» **Activity**: Could you restate word for word every line from the one containing "Taco ingredients - shallow" to the end of the data below, pictures excluded?
[Collected data — start]
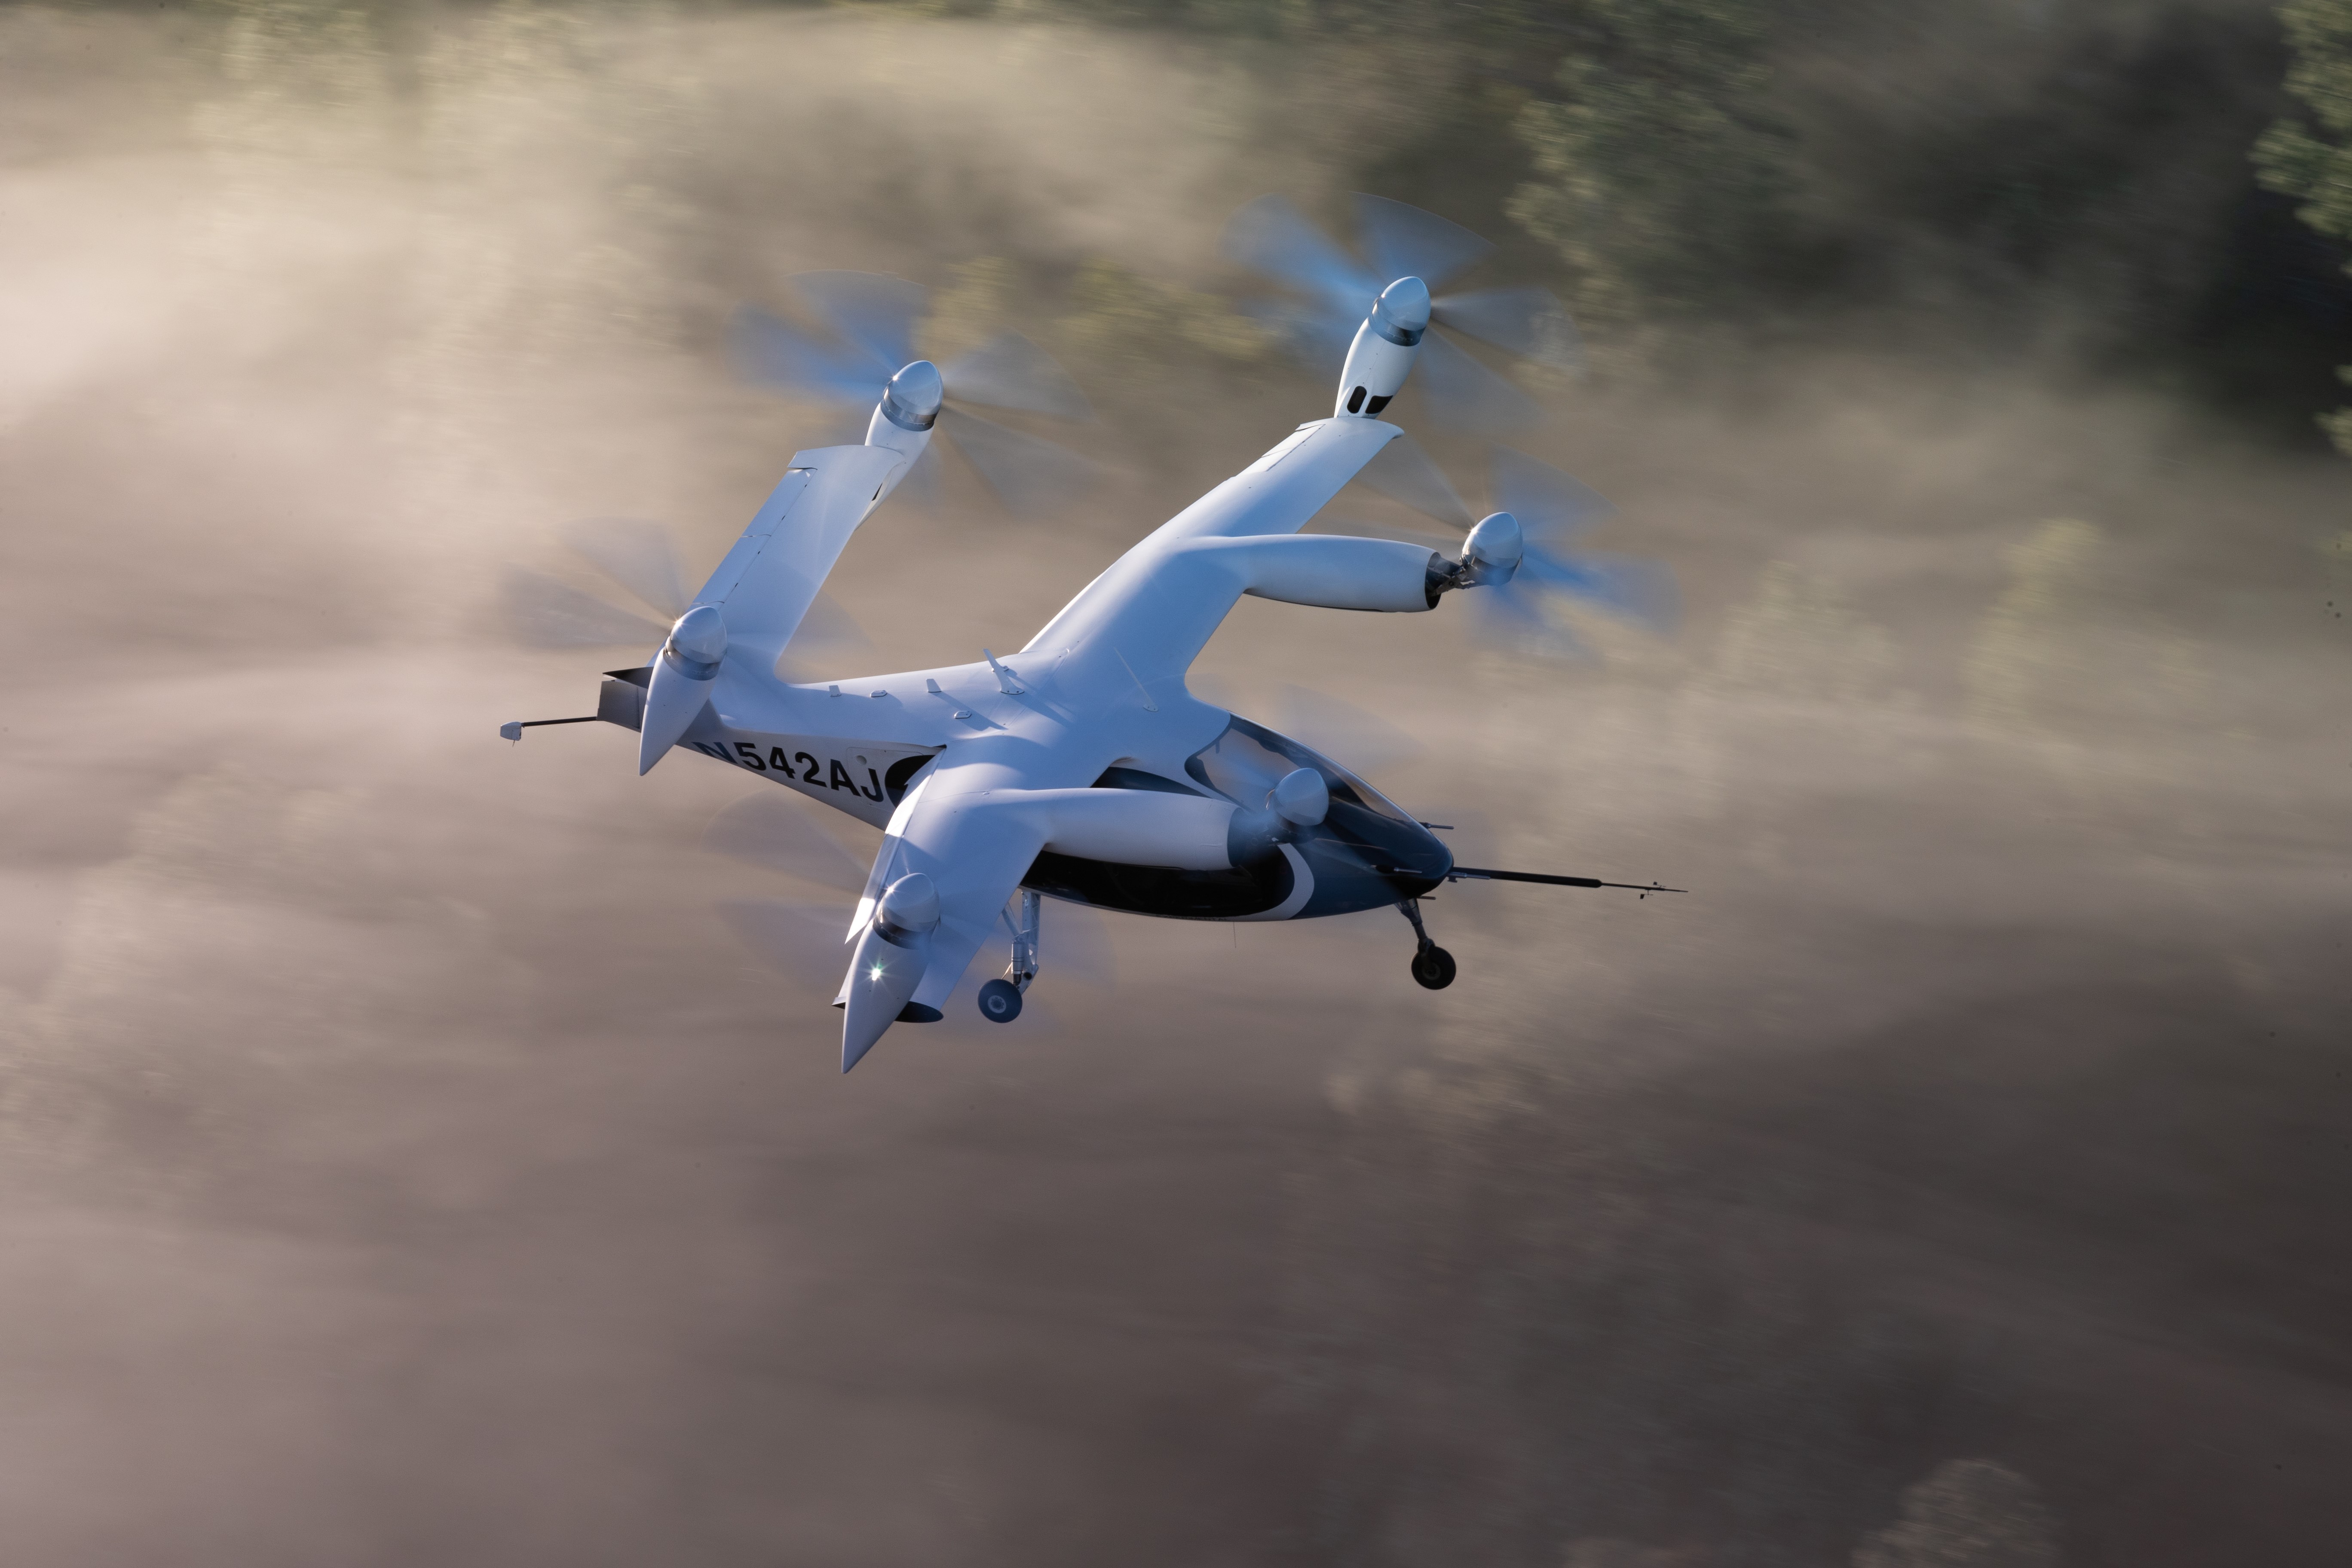 The all-electric Joby aircraft in flight above the company's Electric Flight Base in California
Click here to download picture in high resolution: https://www.cae.com/media/documents/Joby_aircraft_in_flight.jpg (CNW Group/CAE INC.)
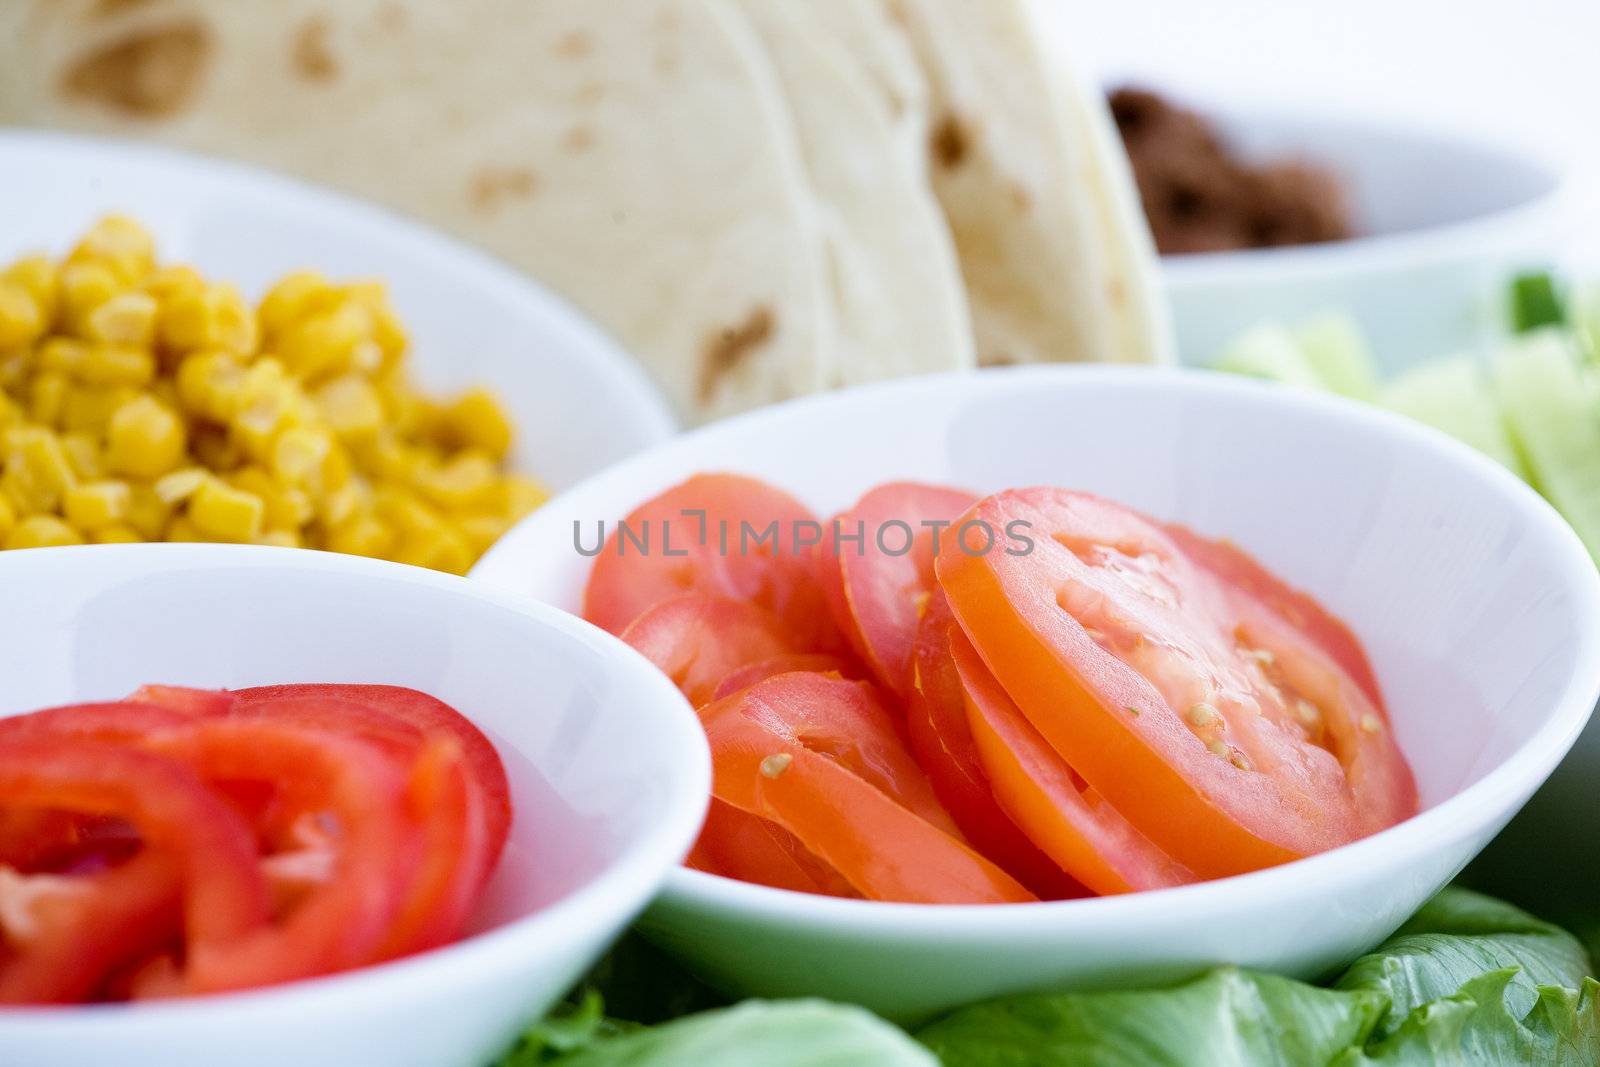 Taco ingredients - shallow depth of field with focus on the tomatoes
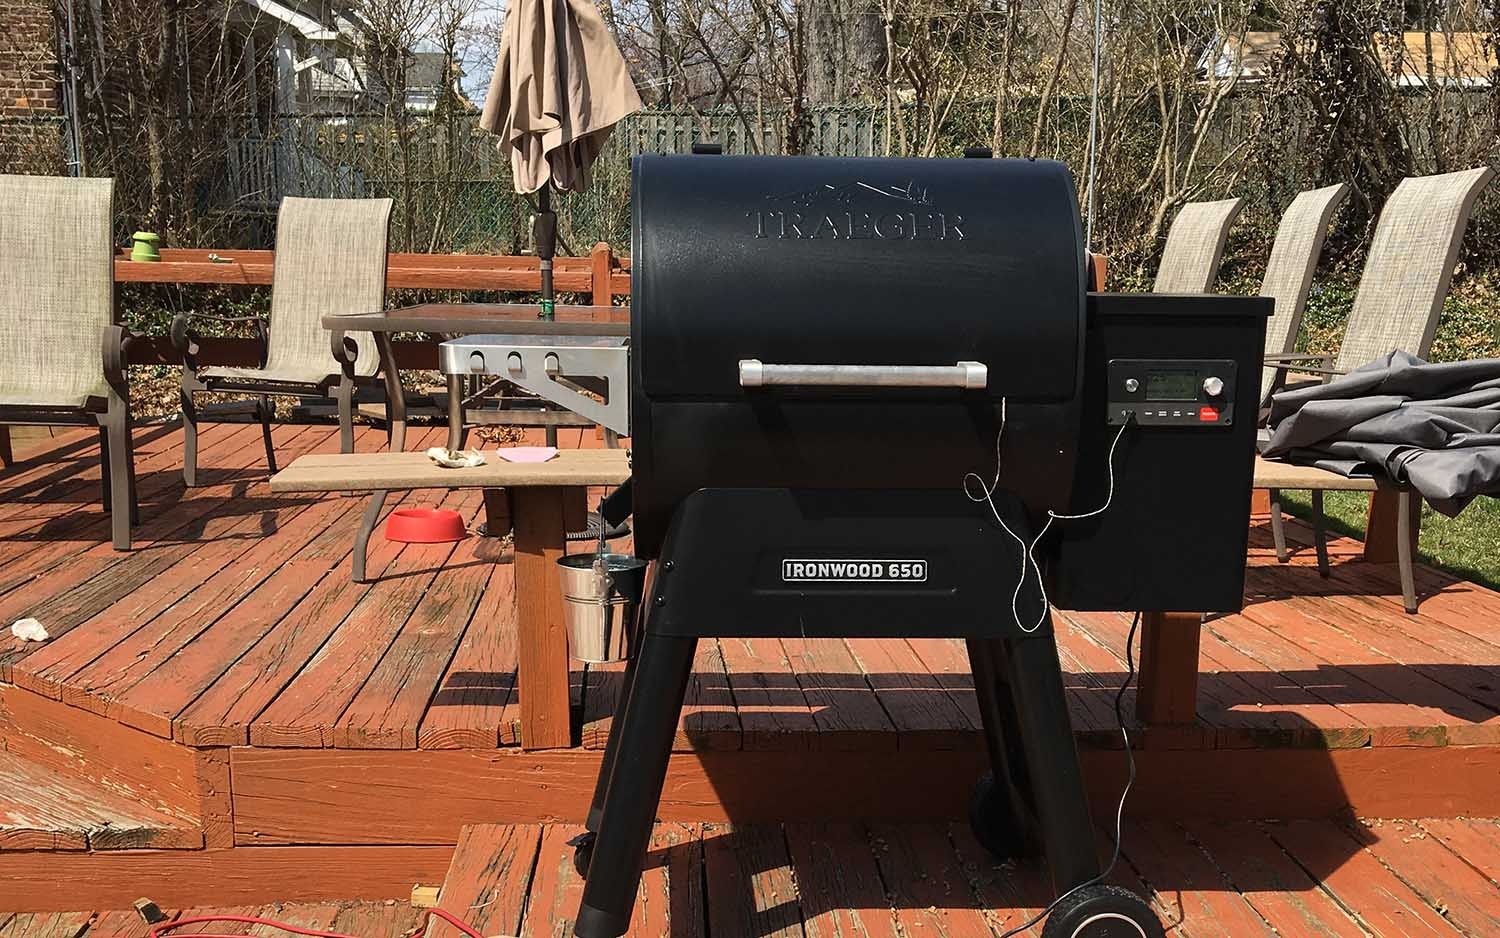 Traeger s Ironwood 650 Smart Grill Will Turn You Into a Pitmaster
[Collected data — finish]
» **Answer for this exercise**:
 Taco ingredients - shallow depth of field with focus on the tomatoes
 Traeger s Ironwood 650 Smart Grill Will Turn You Into a Pitmaster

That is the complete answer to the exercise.